Sacha Edyta
Oddział Okulistyczny K.S.S. im. L. Rydygiera w Krakowie.
Przegl Lek. 2005;62(4):238-42.
Diabetic eye disease affects quality of life for patients with diabetes by decreasing visual acuity and increasing the risk of blindness. In the course of diabetic retinopathy (DR) the loss of capillary integrity, microaneurysm formation, and ischemia is observed, which in turn drives the progression of DR. The macular edema is the result of fluid accumulation in the retina secondary to capillary leakage and/or microaneurysms. This contributes to loss of vision in DR. There is substantial evidence that control over metabolic factors can effectively prevent the development and progression of DR. For many patients who fail to achieve the optimal level of metabolic control the standard care should include the early detection and timely treatment of DR. Laser photocoagulation therapy, and vitrectomy are invasive methods, recommended to treat only the late stages of disease. A number of pharmacological agents that could slow the progression of DR in earlier stages are now being tested. It is likely that at least one of these agents, will be effective in reducing the progression of DR and the associated vision loss. With the introduction of these drugs in the coming years, there will be a need for improved screening and monitoring of patients with DR. New technologies are giving patients more access to optimal screening and may make this a more achievable goal.

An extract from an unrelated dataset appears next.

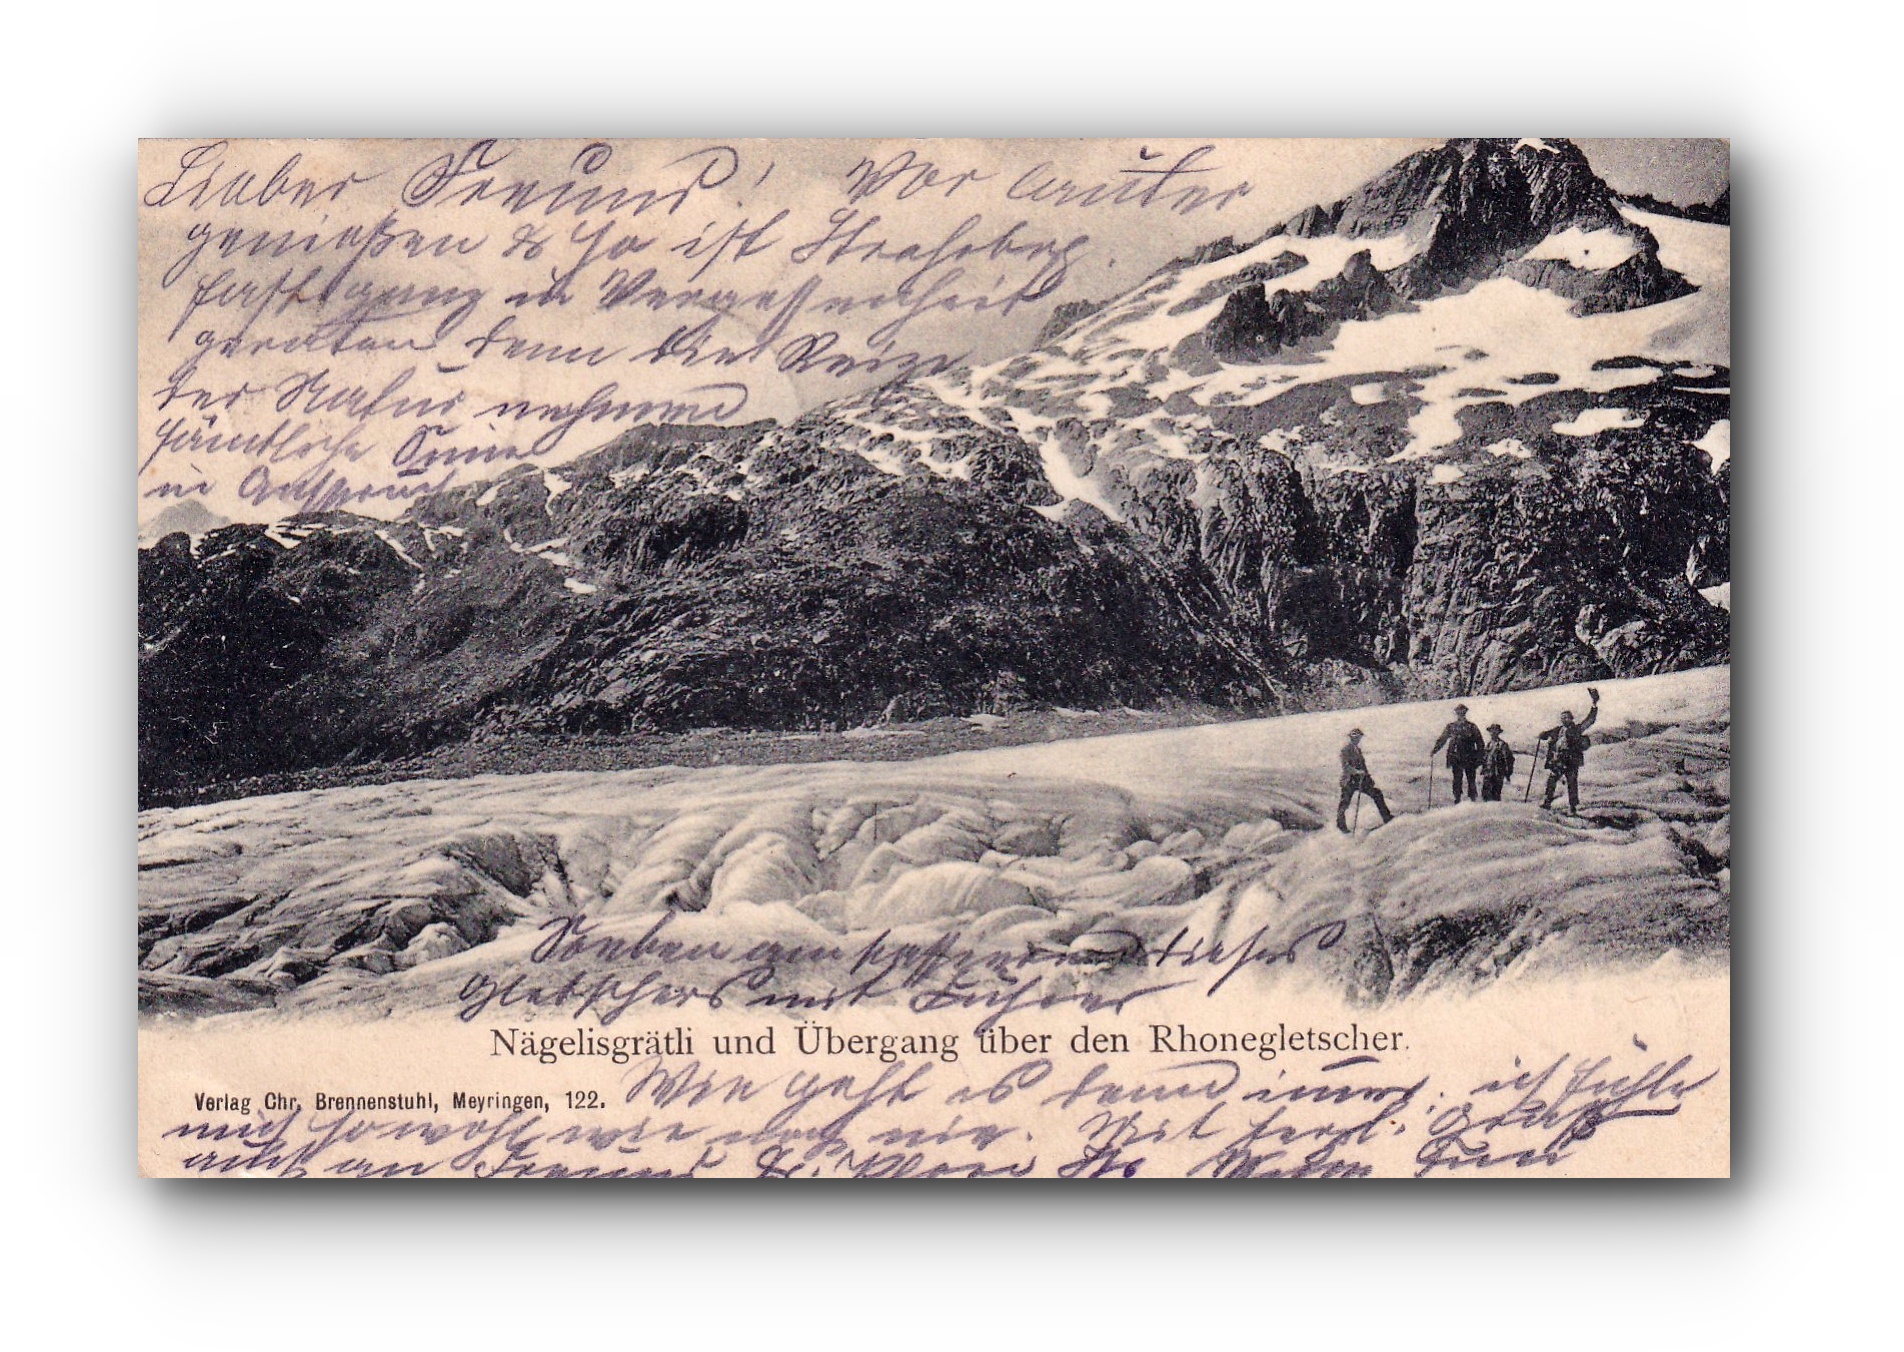 Näglisgrätli und Übergang über den Rhonegletscher - 03.08.1905 - Näglisgrätli et traversée du glacier du Rhône - Näglisgrätli and crossing over the Rhone Glacier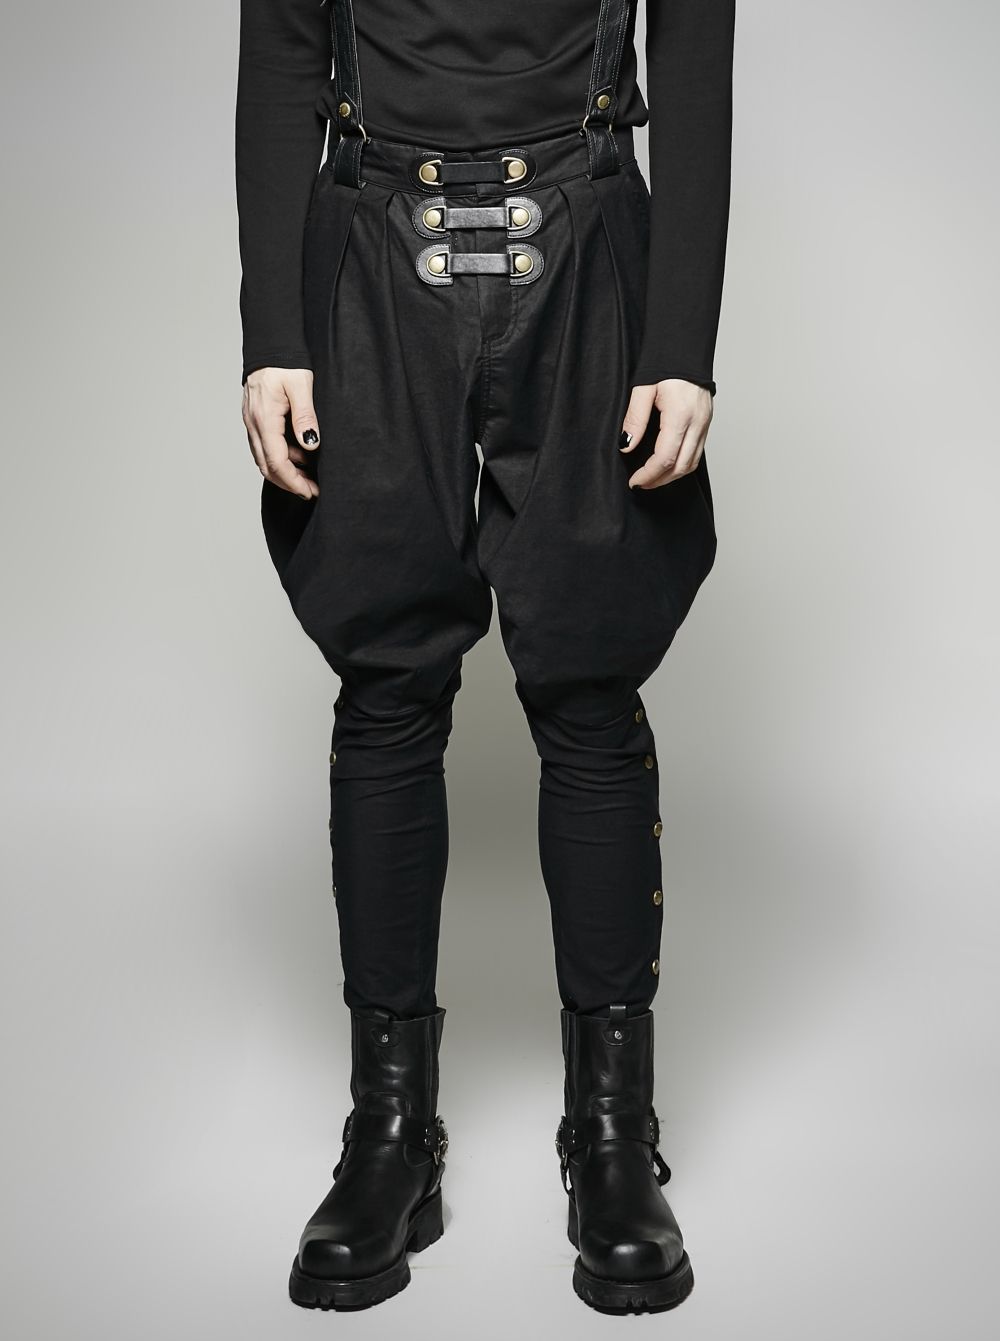 Pantalon gothique punk steampunk militaire sangles cuir boutons PunkRave homme

糖尿病眼病通过降低视力和增加失明风险影响糖尿病患者的生活质量。在糖尿病视网膜病变(DR)过程中,可观察到毛细血管完整性丧失、微动脉瘤形成和缺血,这反过来又推动了DR的进展。黄斑水肿是视网膜中继发于毛细血管渗漏和/或微动脉瘤的液体蓄积的结果。这导致了DR患者的视力丧失。有大量证据表明,控制代谢因素可有效预防DR的发生和进展。对于许多未能达到最佳代谢控制水平的患者,标准治疗应包括DR的早期检测和及时治疗。激光光凝疗法和玻璃体切除术是侵入性方法,仅推荐用于治疗疾病的晚期。目前正在测试一些可在早期阶段减缓DR进展的药物。这些药物中至少有一种可能有效减少DR的进展及相关视力丧失。随着这些药物在未来几年的推出,将需要改进对DR患者的筛查和监测。新技术使患者有更多机会进行最佳筛查,并可能使这一目标更易实现。